UN telah menjadi momok tersendiri bagi peserta didik dan guru. Artinya, peserta didik yang mendapat peringkat pertama di kelas pun dapat gagal karena UN. Hal ini dikarenakan ketika pada hari itu mereka mendapat nilai di bawah standar, ia harus menunggu satu tahun lagi untuk melanjutkan studinya atau mengikuti program Kejar Paket C atau B. Demikian juga seorang guru tidak memiliki kewenangan sedikit pun mengenai hasil UN.

Guru hanya dapat terdiam dan termangu melihat peserta didiknya tidak lulus UN. Pendidikan yang telah lama dijalani kandas oleh hasil ujian dalam waktu tidak lebih dari tiga hari. Seorang guru telah kehilangan kedaulatannya. Artinya, pergaulan, pendidikan, sendau gurau yang telah berlangsung tidak pernah dihargai oleh pemerintah. Pemerintah melalui UN telah menjadi hakim yang dapat memutuskan semuanya.

Mementingkan hasil

Guru sebagai individu yang mengetahui seluk-beluk dan kemampuan peserta didiknya tidak mampu berbuat banyak. Mereka tidak diberi kewenangan sedikit pun untuk menilai apakah peserta didiknya dapat lulus atau tidak.

Padahal, sesuai Pasal 5 Ayat (1) dan Pasal 61 Ayat (2) UU Sisdiknas, seharusnya evaluasi hasil belajar dan penentu kelulusan peserta didik dilakukan oleh pendidik/guru dan satuan pendidikan/sekolah.

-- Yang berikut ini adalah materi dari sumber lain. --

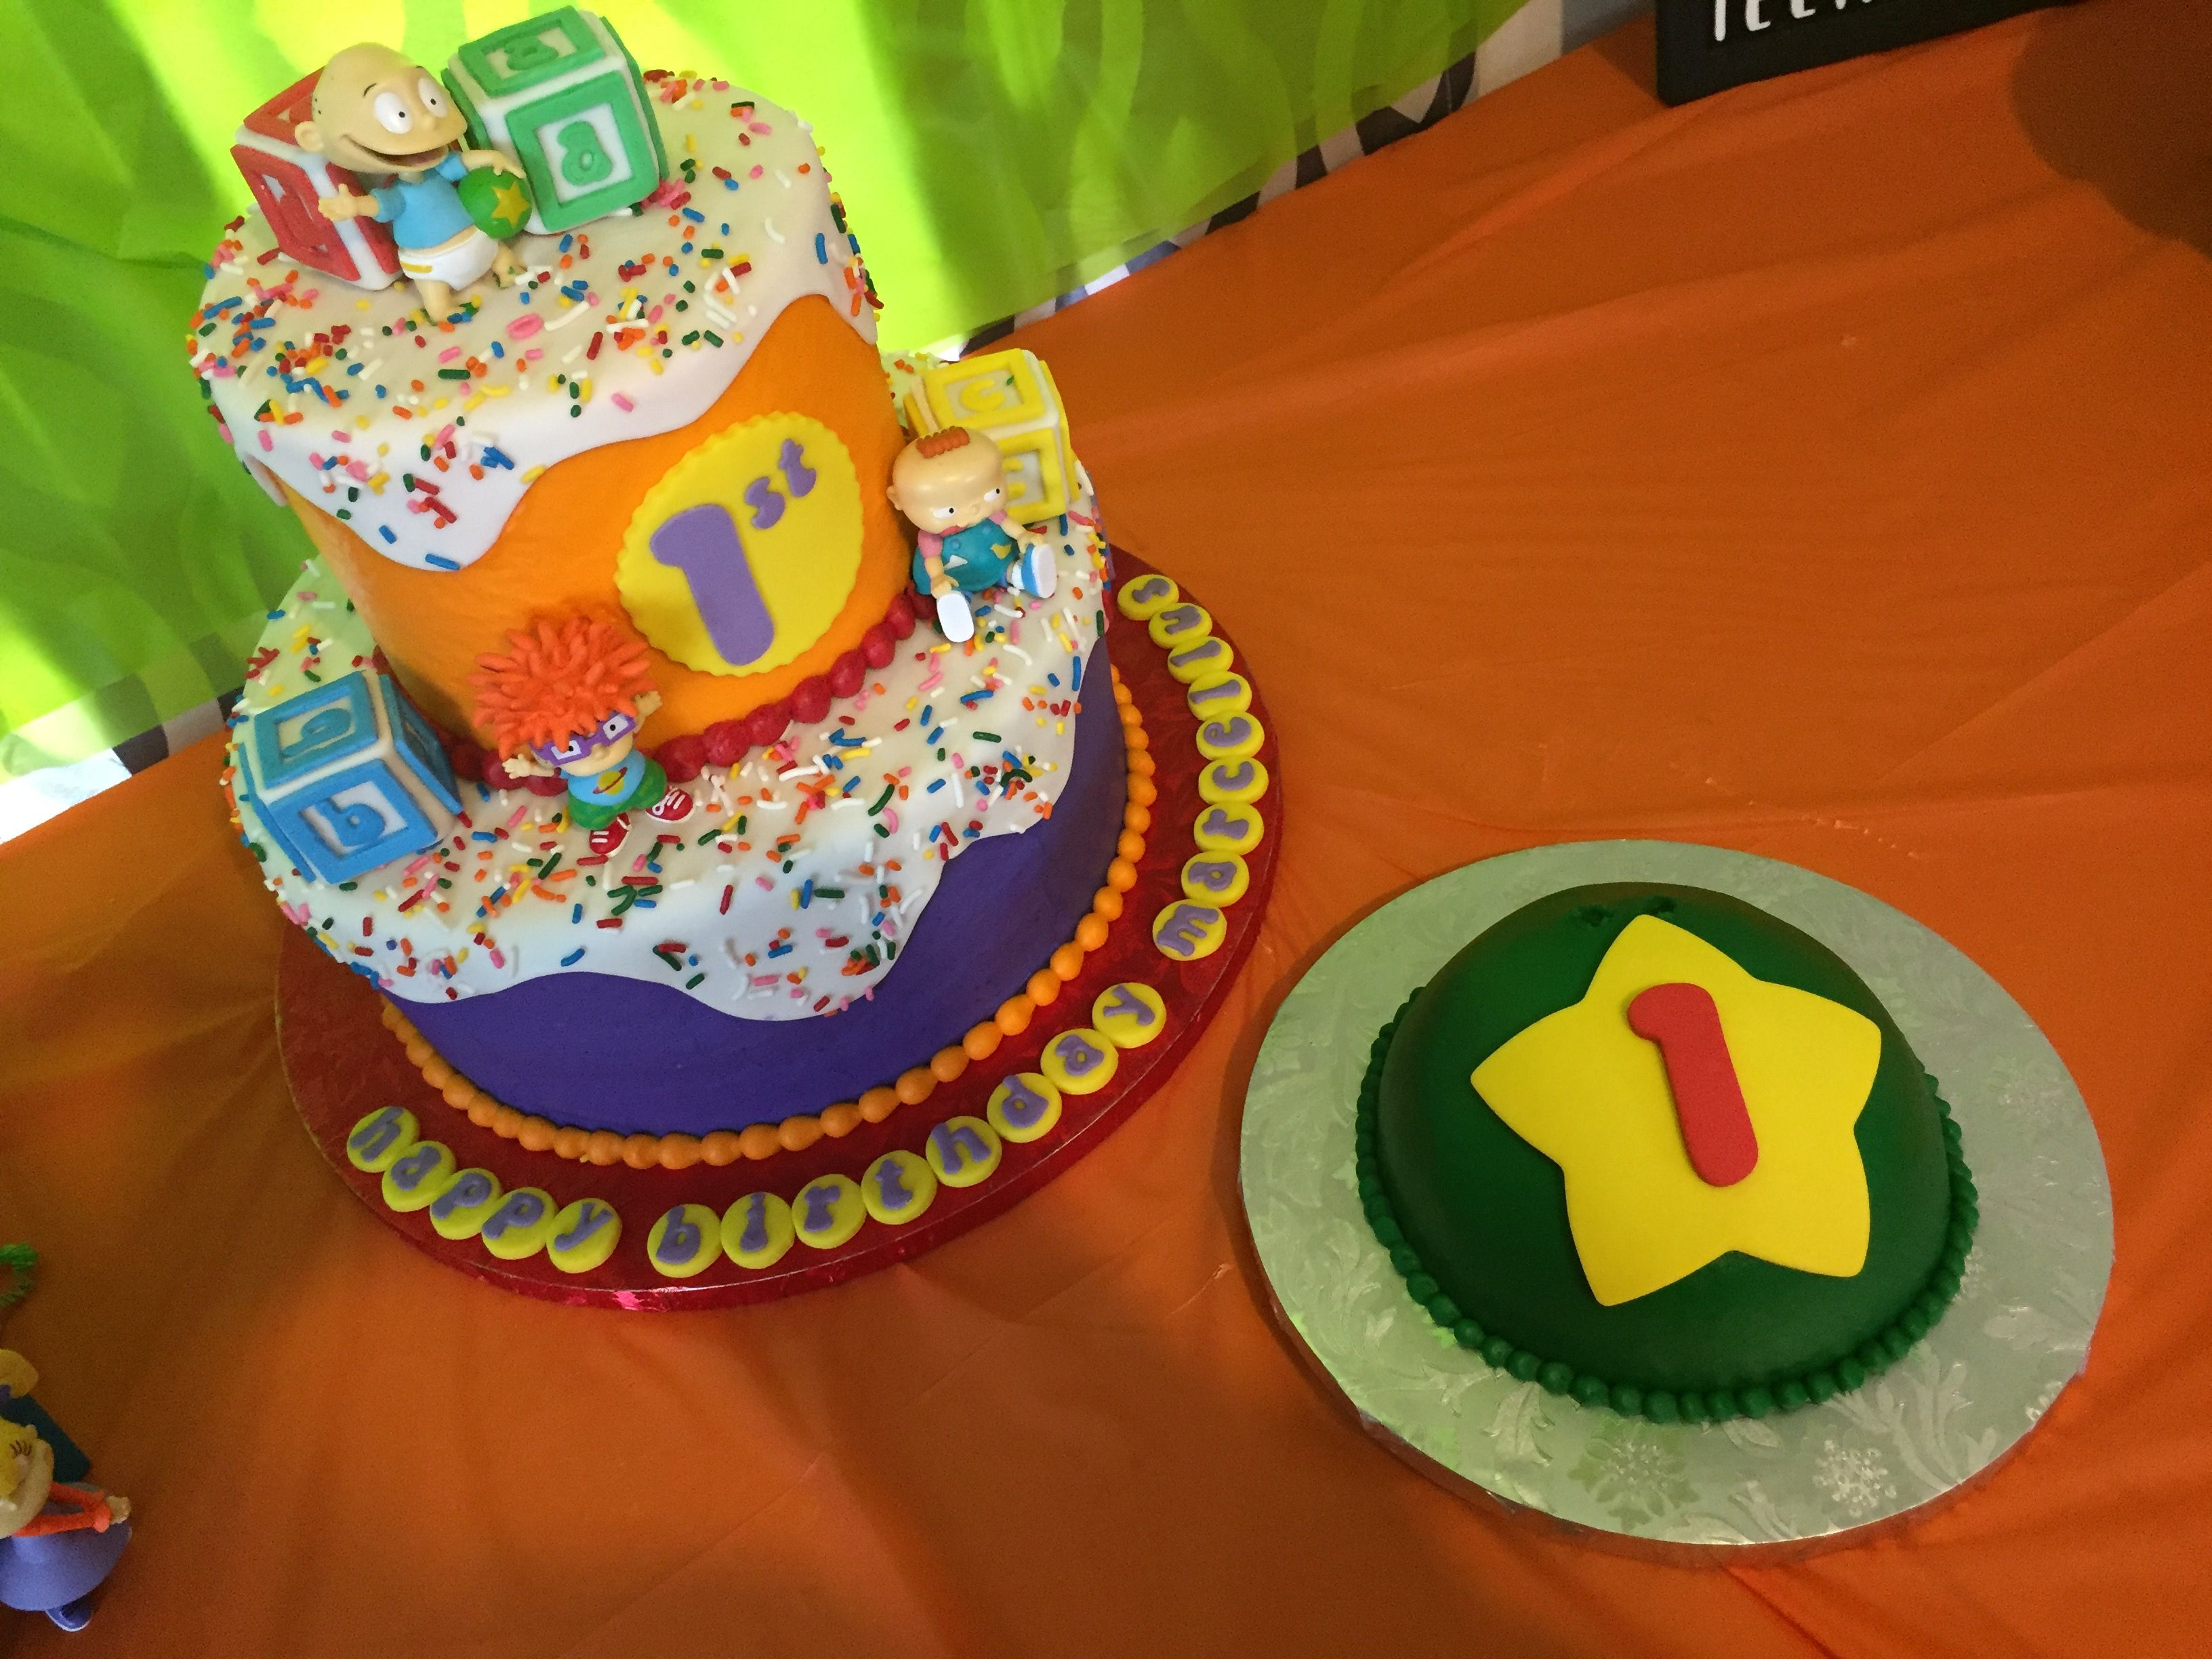 Superb Pin By Bree Blanco On Birthday Party Ideas In 2020 Baby Birthday Funny Birthday Cards Online Necthendildamsfinfo

Kedaulatan guru sebagai insan pendidik dengan serta-merta dicabut oleh UN. Keadaan ini semakin memperparah kondisi pendidikan Indonesia. Artinya, pendidikan Indonesia masih bertumpu pada nilai-nilai akademis (kognitif) dan mengesampingkan nilai-nilai (kecerdasan) yang lain.

Pendidikan Indonesia masih sangat mementingkan hasil daripada proses. Artinya, pendidikan yang selama ini dijadikan basis penyadaran dan pendewasaan tidak lebih diukur dari nilai-nilai yang dapat dibuat. Materi kecerdasan yang lain, seperti kecerdasan emosional, dan spiritual, tidak tersentuh dan dihargai sama sekali.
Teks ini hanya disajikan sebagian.